■ **What you need to do**: A faithful copy of all the entries is required, with no pictures in it.

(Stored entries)
-- -- --
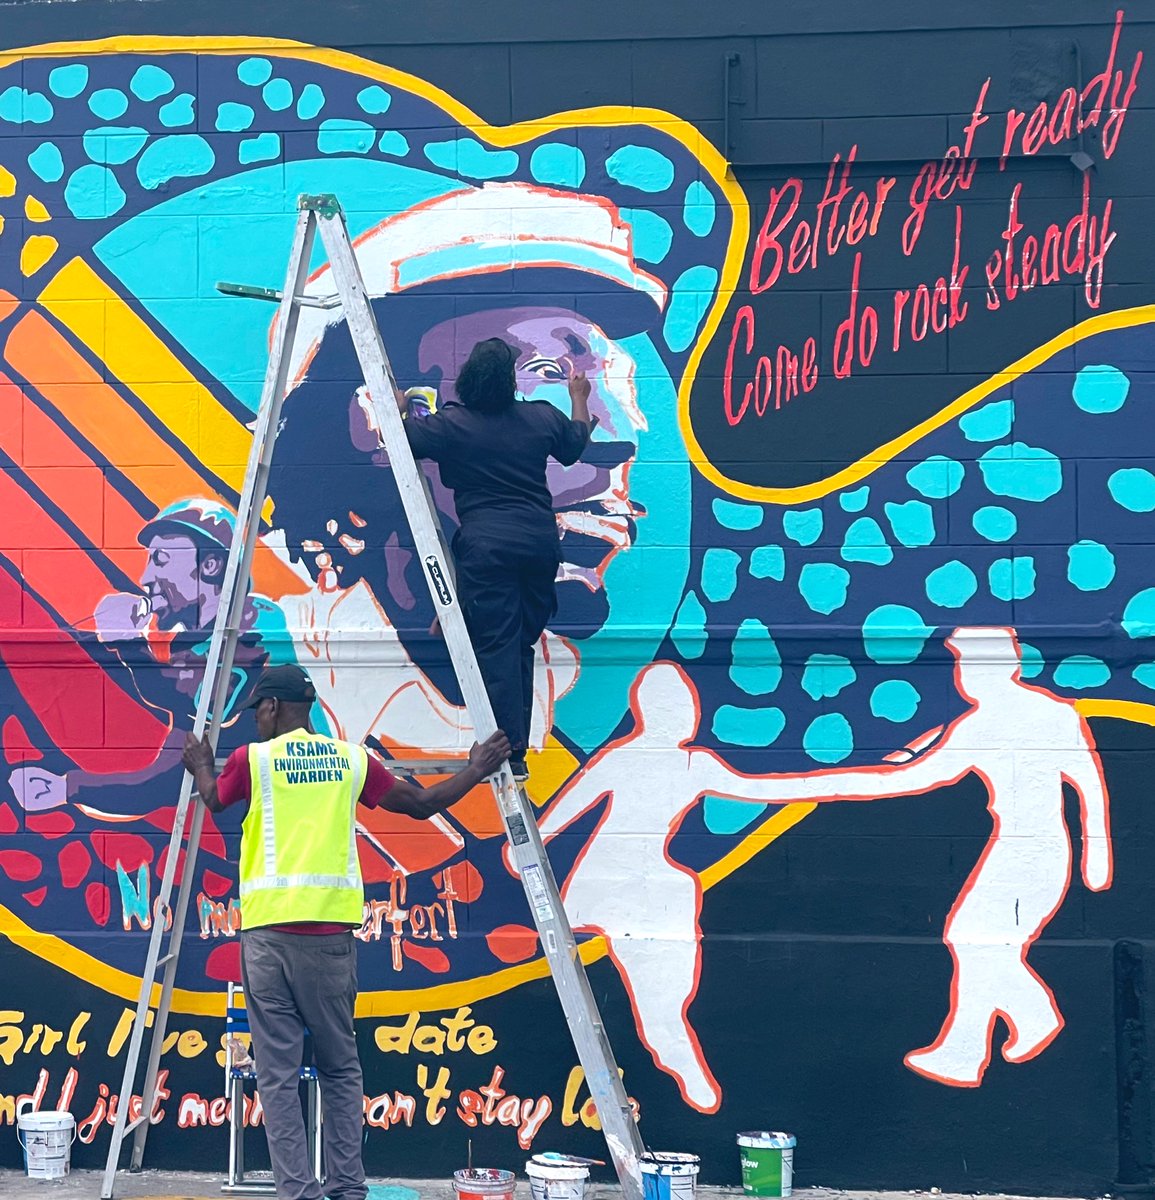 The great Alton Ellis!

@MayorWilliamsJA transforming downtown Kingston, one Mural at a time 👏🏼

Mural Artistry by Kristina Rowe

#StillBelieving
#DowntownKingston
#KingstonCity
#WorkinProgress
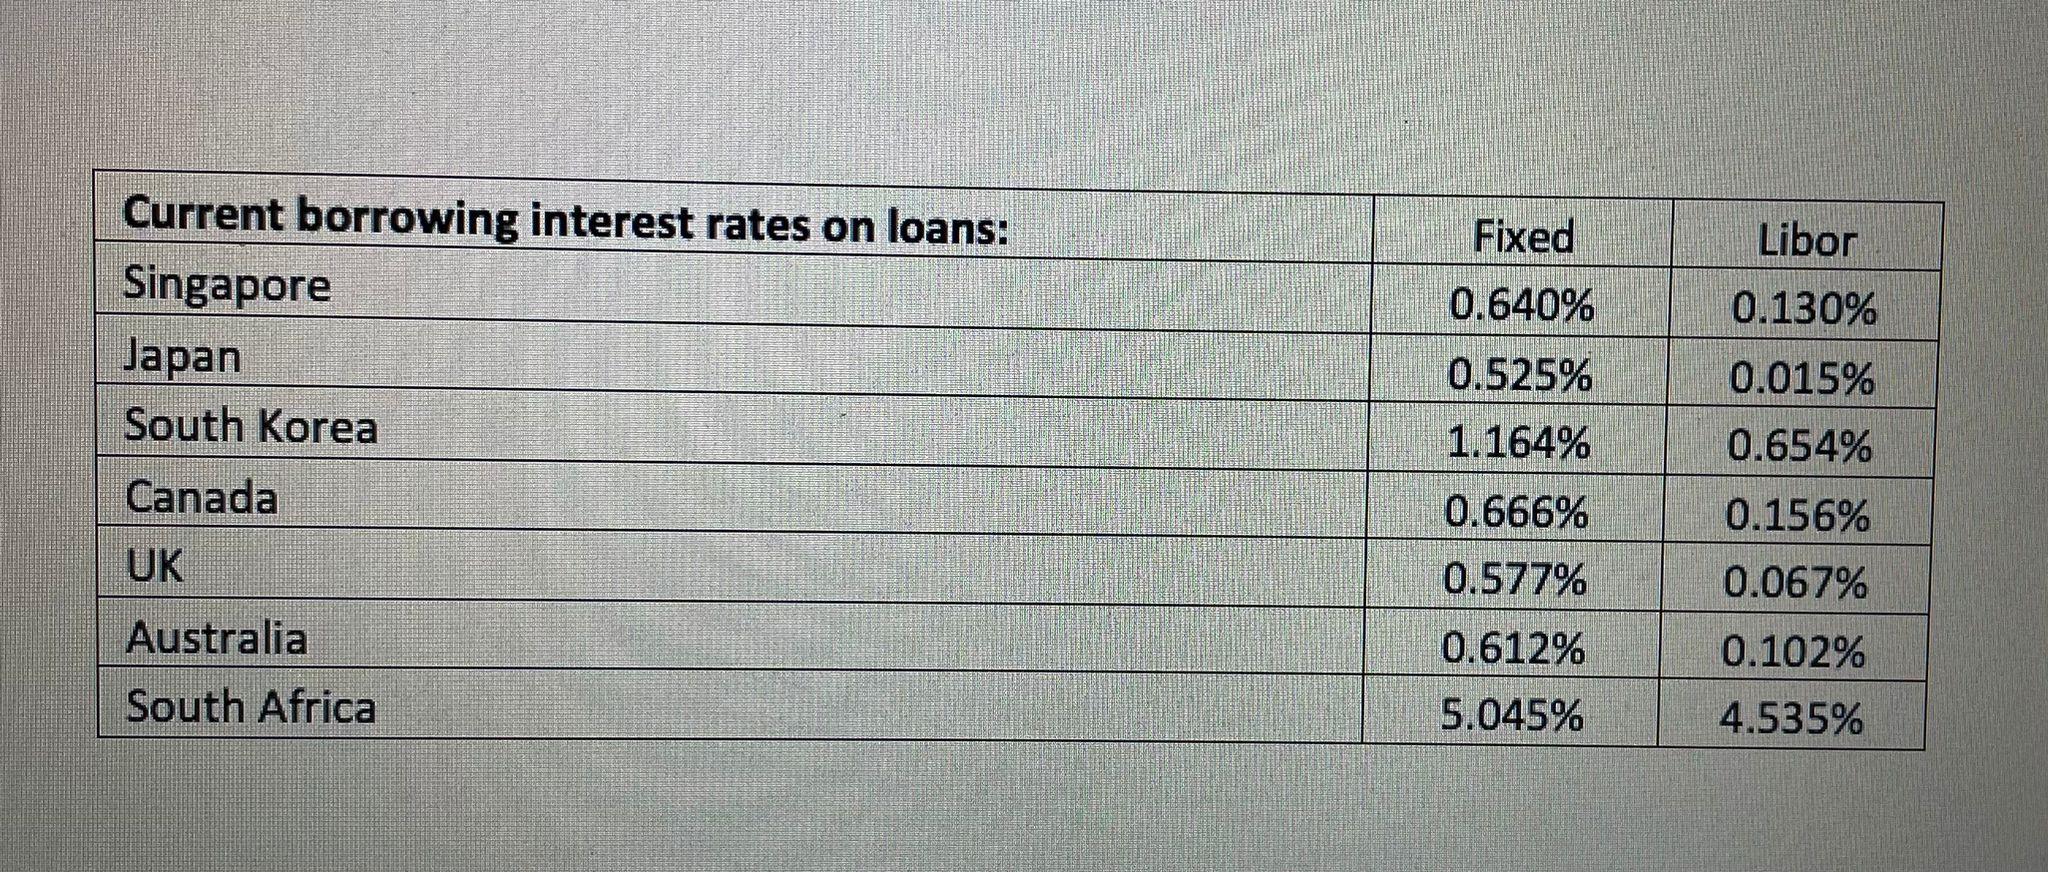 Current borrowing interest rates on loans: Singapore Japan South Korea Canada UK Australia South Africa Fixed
-- -- --
■ **Finished task**:
 The great Alton Ellis!

@MayorWilliamsJA transforming downtown Kingston, one Mural at a time 👏🏼

Mural Artistry by Kristina Rowe

#StillBelieving
#DowntownKingston
#KingstonCity
#WorkinProgress
 Current borrowing interest rates on loans: Singapore Japan South Korea Canada UK Australia South Africa Fixed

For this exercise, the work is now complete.